For some specific examples and technical deep dives into how and why this is a bad idea, check out this excellent blog post from Shabnam Watson. The focus of the post is on SSAS memory settings, but it’s very applicable to the current discussion.

Some reasons for this advice are less technical, but no less important. Using analytics models as data sources for ETL processing are a strong code smell[3] (“any characteristic in the source code of a program that possibly indicates a deeper problem”) for business intelligence solutions.

Let’s look at a simple and familiar diagram:

01 good

There’s a reason this left-to-right flow is the standard representation of BI applications: it’s what works. Each component has specific roles and responsibilities that complement each other, and which are aligned with the technology used to implement the component. This diagram includes a set of logical “tiers” or “layers” that are common in analytics systems, and which mutually support each other to achieve the systems’ goals.
Although there are many successful variations on this theme, they all tend to have this general flow and these general layers. Consider this one, for example:

02 ok

This example has more complexity, but also has the same end-to-end flow as the simple one. This is pretty typical for  scenarios where a single data warehouse and analytics model won’t fulfill all requirements, so the individual data warehouses, data marts, and analytics models each contain a portion – often an overlapping portion – of the analytics data.

Let’s look at one more:

03 - trending badly

This design is starting to smell. The increased complexity and blurring of responsibilities will produce difficulties in data freshness and maintenance. The additional dependencies, and the redundant and overlapping nature of the dependencies means that any future changes will require additional investigation and care to ensure that there are no unintended side effects to the existing functionality.

As an aside, my decades of working in data and analytics suggest that this care will rarely actually be taken. Instead, this architecture will be fragile and prone to problems, and the teams that built it will not be the teams who solve those problems.

And then we have this one[4]:

04 - hard no

This is what you get when you use Analysis Services as the data source for ETL processing, whether that ETL and downstream storage is implemented in Power BI dataflows or different technologies. And this is probably the best case you’re likely to get when you go down this path. Even with just two data warehouses and two analytics models in the diagram, the complex and unnatural dependencies are obvious, and are painful to consider.

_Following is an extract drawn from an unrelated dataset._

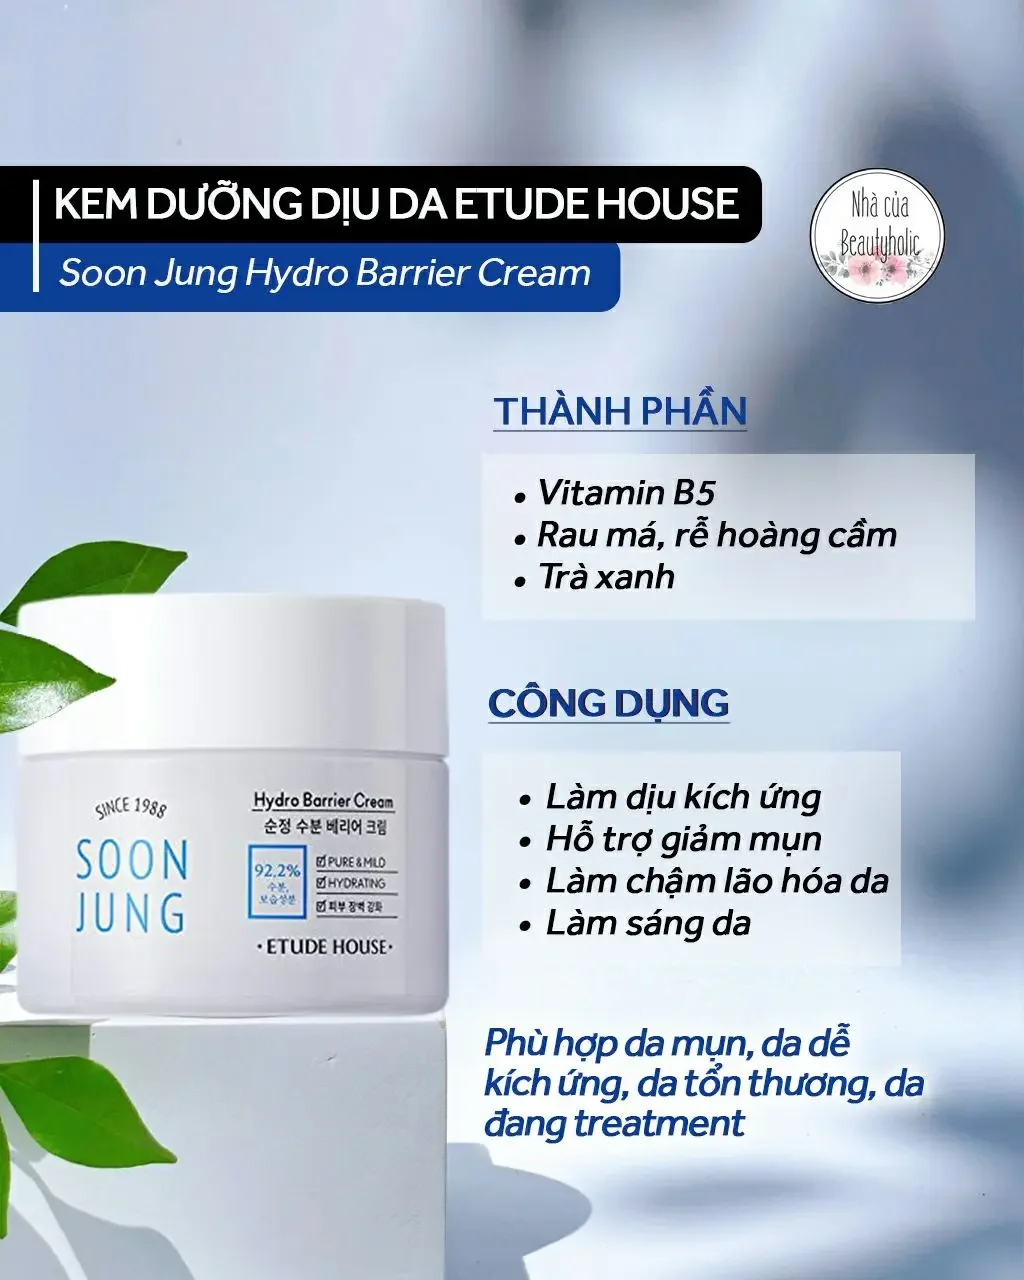 [Nhacuabeautyholic] Kem dưỡng Etude House Soon Jung Hydro Barrier Cream

What would be better here?[5] As mentioned at the top of the post, the logical alternative is to avoid using the analytics model and to instead use the same sources that the analytics model already uses. This may require some refactoring to ensure that the duplication of logic is minimized. It may require some political or cross-team effort to get buy-in from the owners of the upstream systems. It may not be simple, or easy. But it is almost always the right thing to do.

Don’t take shortcuts to save days or weeks today that will cause you or your successors months or years to undo and repair. Don’t build a house of cards, because with each new card you add, the house is more and more likely to fall.

[1] Something a lot like this. I copied this from a response I sent a few days ago.

[2] Many thanks to Chris Webb for some of the information I’ve paraphrased here. If you want to hear more from Chris on this subject, check out this session recording from PASS Summit 2017. The whole session is excellent; the information most relevant to this subject begins around the 26 minute mark in the recording. Chris also gets credit for pointing me to Shabnam Watson’s blog.

[3] I learned about code smells last year when I attended a session by Felienne Hermans at Craft Conference in Budapest. You can watch the session here. And you really should, because it’s really good.

[4] My eyes are itching just looking at it. It took an effort of will to create this diagram, much less share it.

[5] Yes, just about anything would be better.